2 Section 166.041(4), Florida Statutes (2021), provides, in pertinent part: “A majority of the members of the governing body shall constitute a quorum. An affirmative vote of a majority of a quorum present is necessary to enact any ordinance or adopt any resolution.”

4 The Commission adopted the resolution, and Prieto sought first-tier

certiorari review. The circuit court denied relief. In doing so, it concluded

Prieto lacked standing because she raised only generalized concerns

regarding increased traffic and diminished property values, and,

alternatively, because the County satisfied the regulatory notice

requirements for the originally scheduled hearing, it was not required to

publish any further notice. The instant petition ensued.

STANDARD OF REVIEW

In a second-tier certiorari proceeding concerning the quasi-judicial

decision of a local governmental entity, “[o]ur ‘inquiry is limited to whether

the circuit court afforded procedural due process and whether the circuit

court applied the correct law, or, as otherwise stated, departed from the

essential requirements of law.’” Fla. Int’l Univ. v. Ramos, 335 So. 3d 1221,

1224 (Fla. 3d DCA 2021) (quotation marks omitted) (quoting Custer Med.

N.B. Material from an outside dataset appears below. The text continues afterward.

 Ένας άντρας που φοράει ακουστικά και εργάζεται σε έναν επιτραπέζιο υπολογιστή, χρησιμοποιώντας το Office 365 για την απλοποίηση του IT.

Ctr. v. United Auto Ins. Co., 62 So. 3d 1086, 1092 (Fla. 2010)). “Clearly

established law can be derived not only from case law dealing with the same

issue of law, but also from ‘an interpretation or application of a statute, a

procedural rule, or a constitution[al] provision.’” State, Dep’t of Highway

Safety & Motor Vehicles v. Edenfield, 58 So. 3d 904, 906 (Fla. 1st DCA 2011)

(quoting Allstate Ins. Co. v. Kaklamanos, 843 So. 2d 885, 890 (Fla. 2003)).

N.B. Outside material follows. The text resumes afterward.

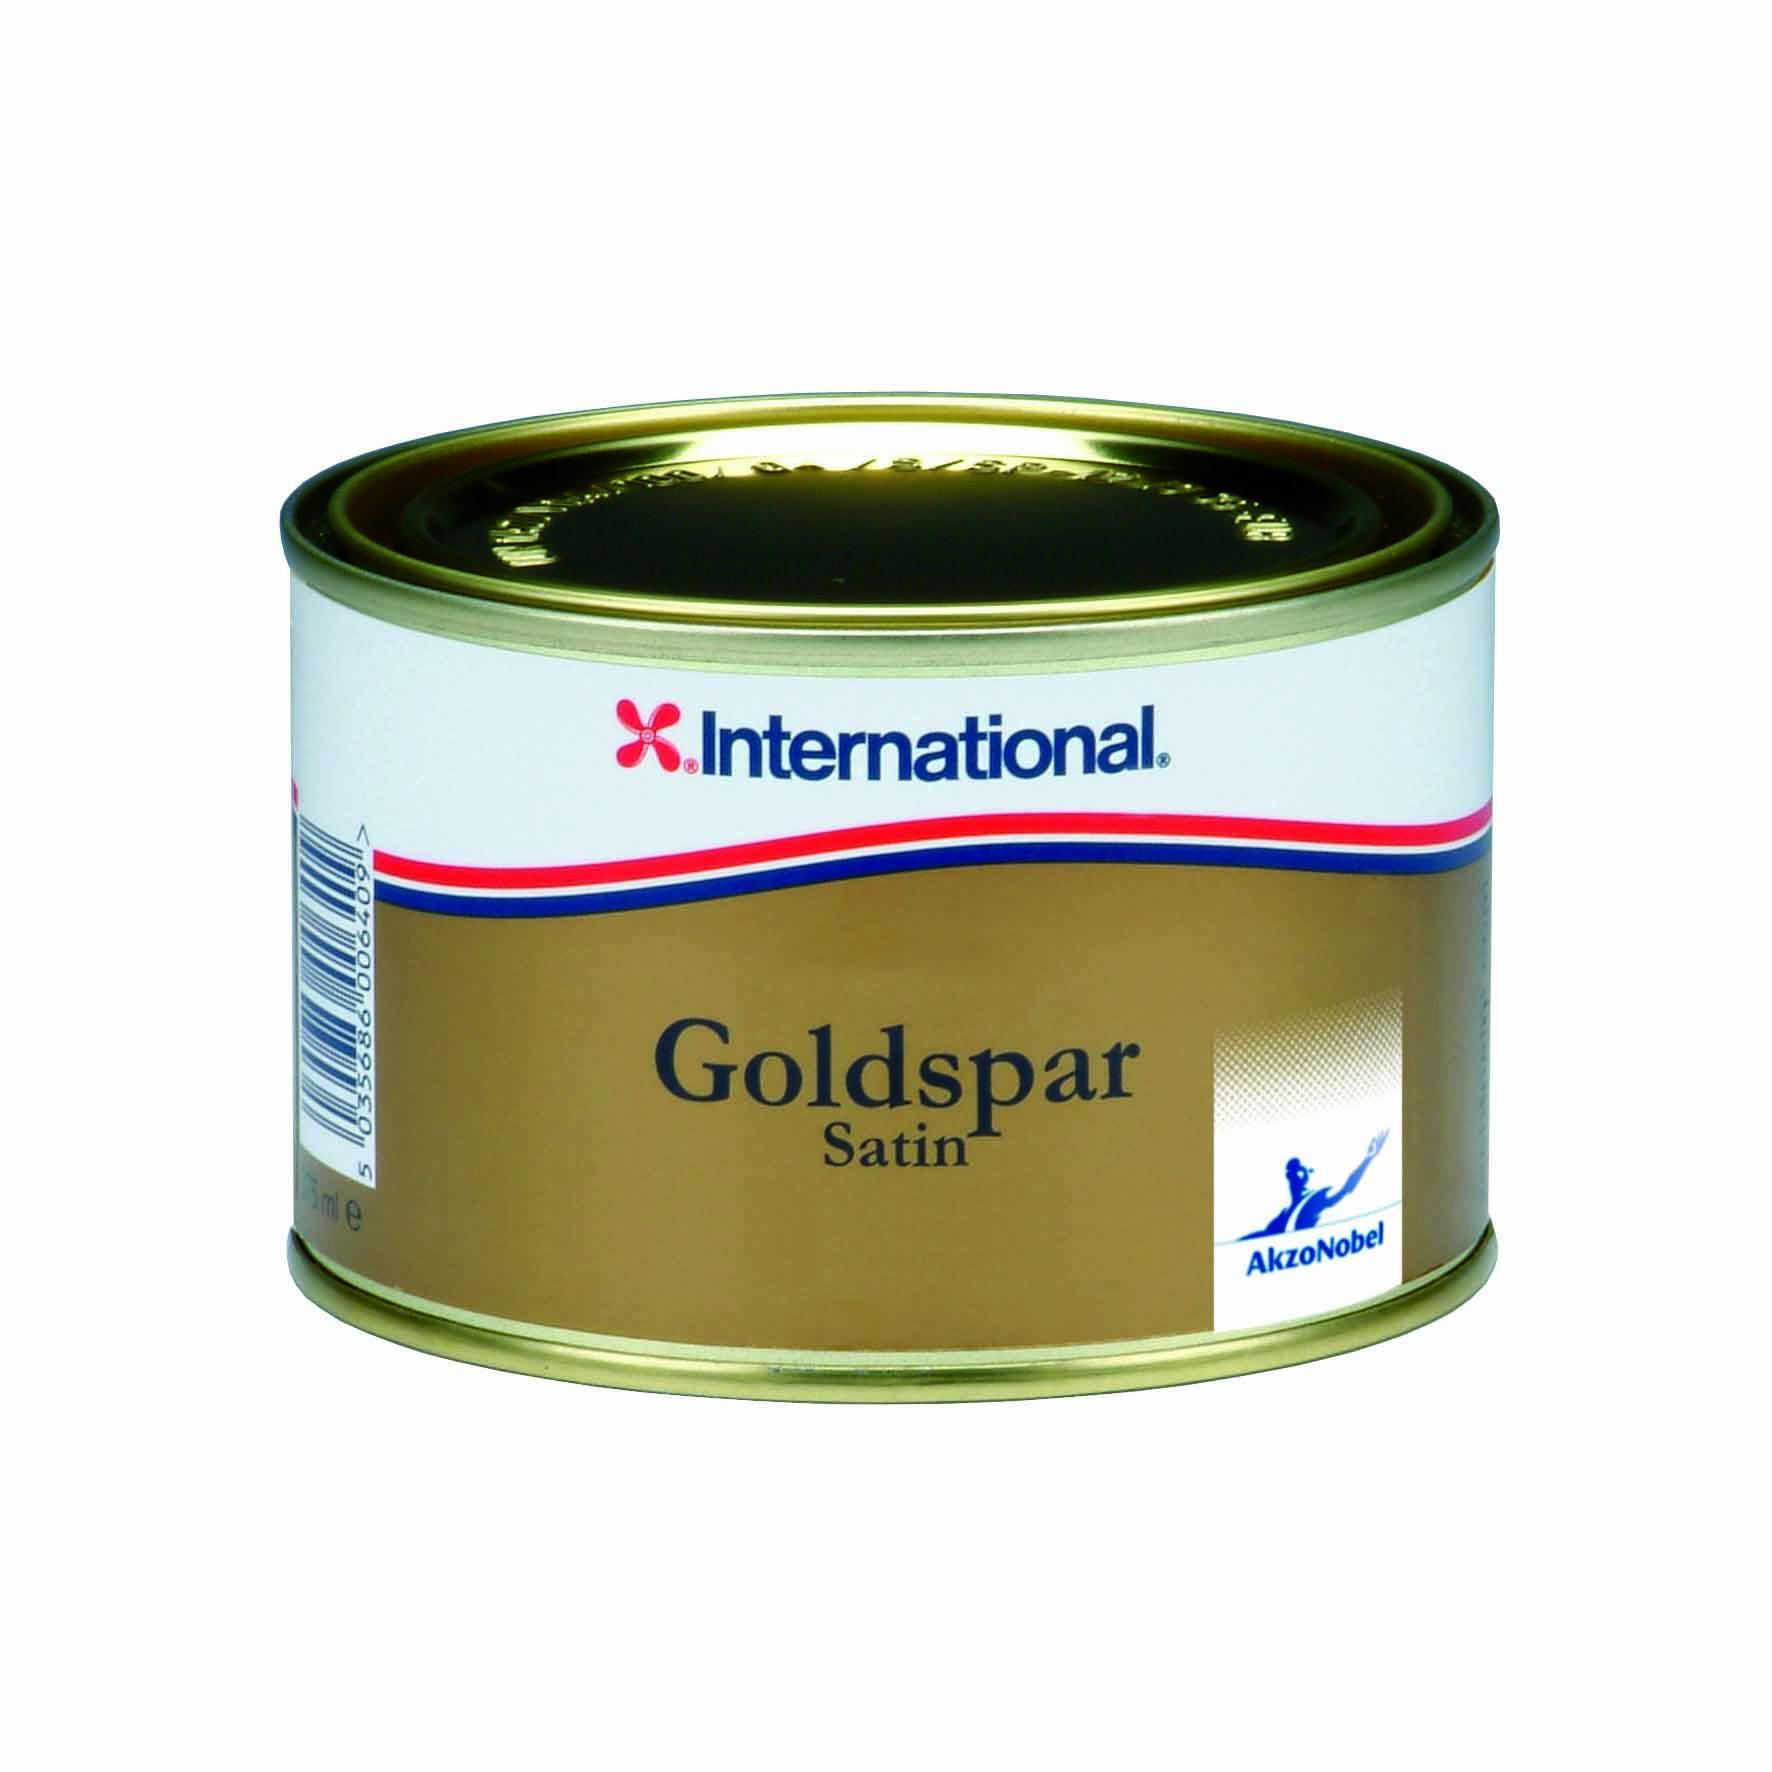 Goldspar satin varnish grohe black kitchen faucet

5 LEGAL ANALYSIS Notice of the Public Hearing Chapter 166, Florida Statutes (2021)

Section 166.041, Florida Statutes (2021), codifies the procedures for

the adoption of ordinances and resolutions. The statute contains certain

minimum notice requirements and provides:

[A] municipality may specify additional requirements for the adoption or enactment of ordinances or resolutions or prescribe procedures in greater detail than contained herein. However, a municipality shall not have the power or authority to lessen or reduce the requirements of this section or other requirements as provided by general law.